On the morning of the Nine One One attacks, intuition screamed like a banshee that the horror that was being played out visually in real time did not remotely match what we were being told about it; the incessent verbal lies.
Clearly many other brave people – some who are now dead as well for their bravery – knew this as well.
We are oh so very hung up between wanting the lie and hurting from the truth……displaced grief and fear over what we have created here in the USA boldly dots our landscape.
Really good piece, Fe. Thank you so much for your voice.
Carly, it must be especially difficult for the truth to peer through in NYC where the level of grief is ultra high. Best to you with your son and understanding that all is not as it appears.
Dear Fe,
You are doing us a great service to sound this wake up call.
Sept 11 is NOT an anniversary and it is not an event to be celebrated. I was there. The sound of a passenger jet crashing into a building will be with me forever. The feeling of the ground trembling as the buildings collapsed is one I hope to never experience again.
I always wondered how it was that the buildings did not topple to one side or the other but went straight down. BOTH of them. Several of my engineer friends who worked at WTC told me that it was not possible for the buildings to come down in pancake fashion without some serious planning.
My 8-year old son was conceived in the month after the jets flew into the World Trade Center. Today, he is EXCITED to go downtown for the 9/11 celebrations. His excitement is innocent.

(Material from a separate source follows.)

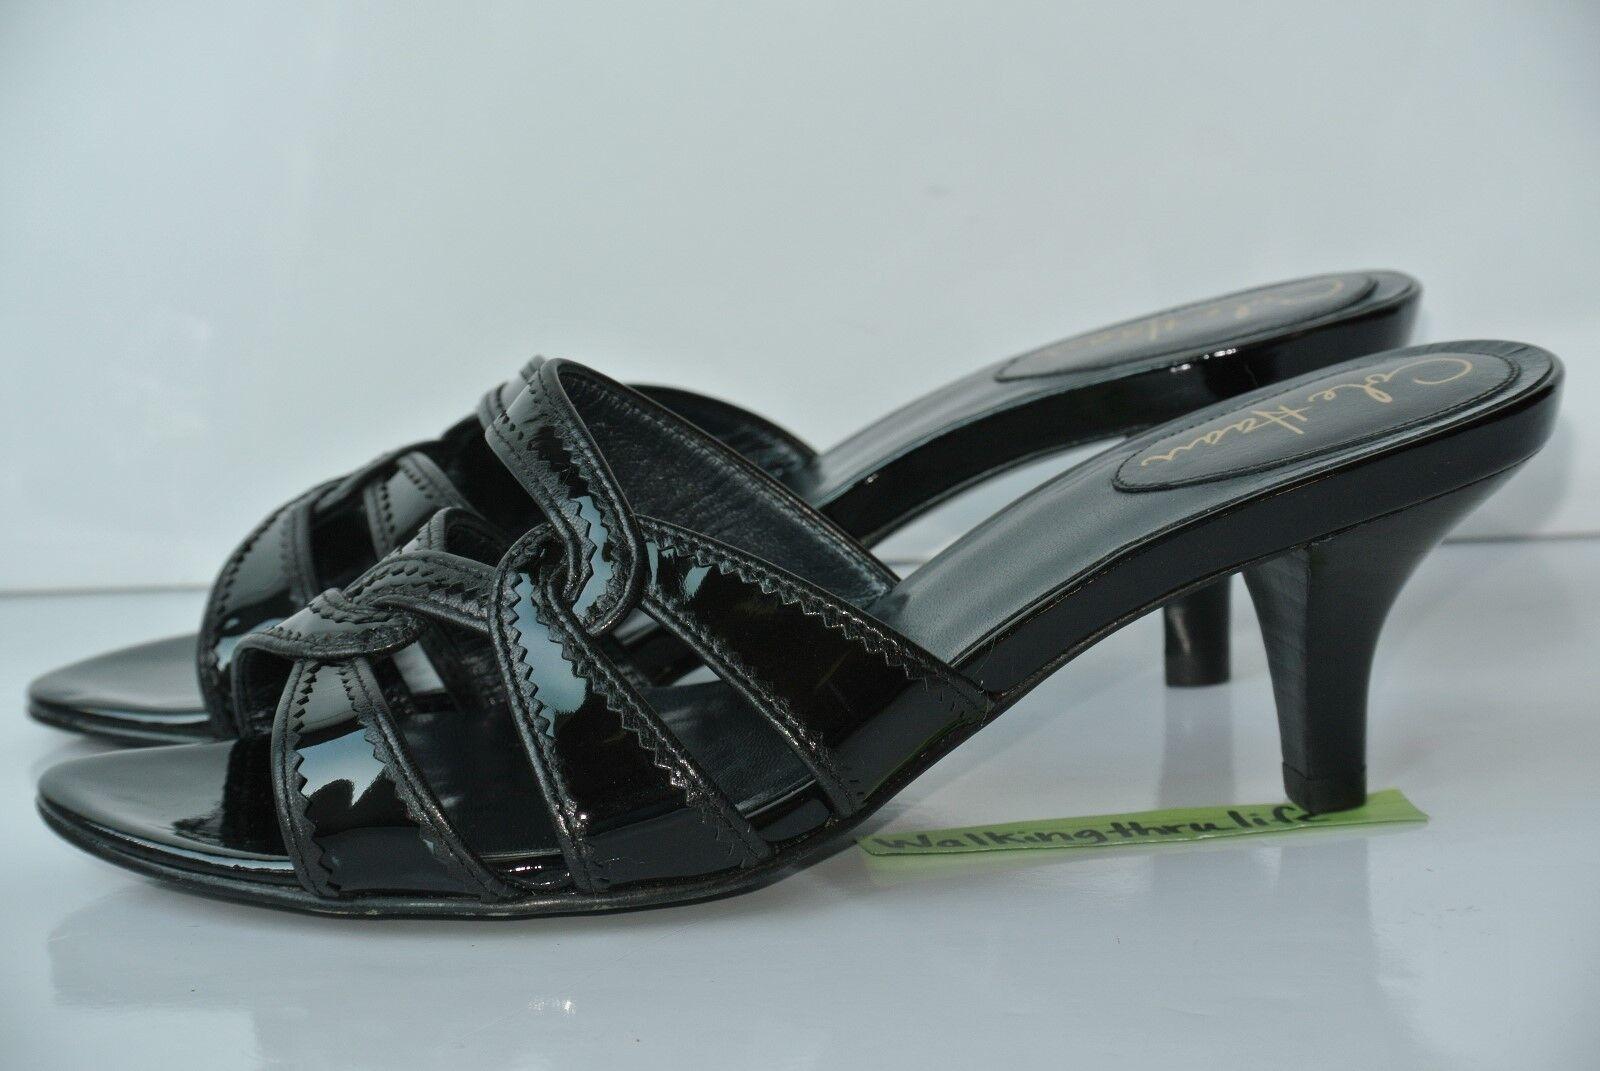 Cole Haan Black Womens Sz 7.5 B Black Haan Patent Leather Sandals Heels NICE!! 3ed5dd

I feel it is misplaced and I will work to help him understand that what happened right before he was born is not something to party about.
When we stop being fearful, we will demand the truth. Or when we start being more afraid that our government is working against our best interests, we will demand the truth. Right now, we’re all too scared of everything. Too scared of losing our jobs, of losing our homes, of losing our THINGS. Too scared of “The Other” no matter who that “Other” is. We have been taught to fear those things as a distraction from the abuse that we suffer every day from the protectors of corporations and corporate profits.
As you point out, this kind of abuse and deception has been going on for centuries. We need to find the tools to end it now. Or our children won’t stand a chance.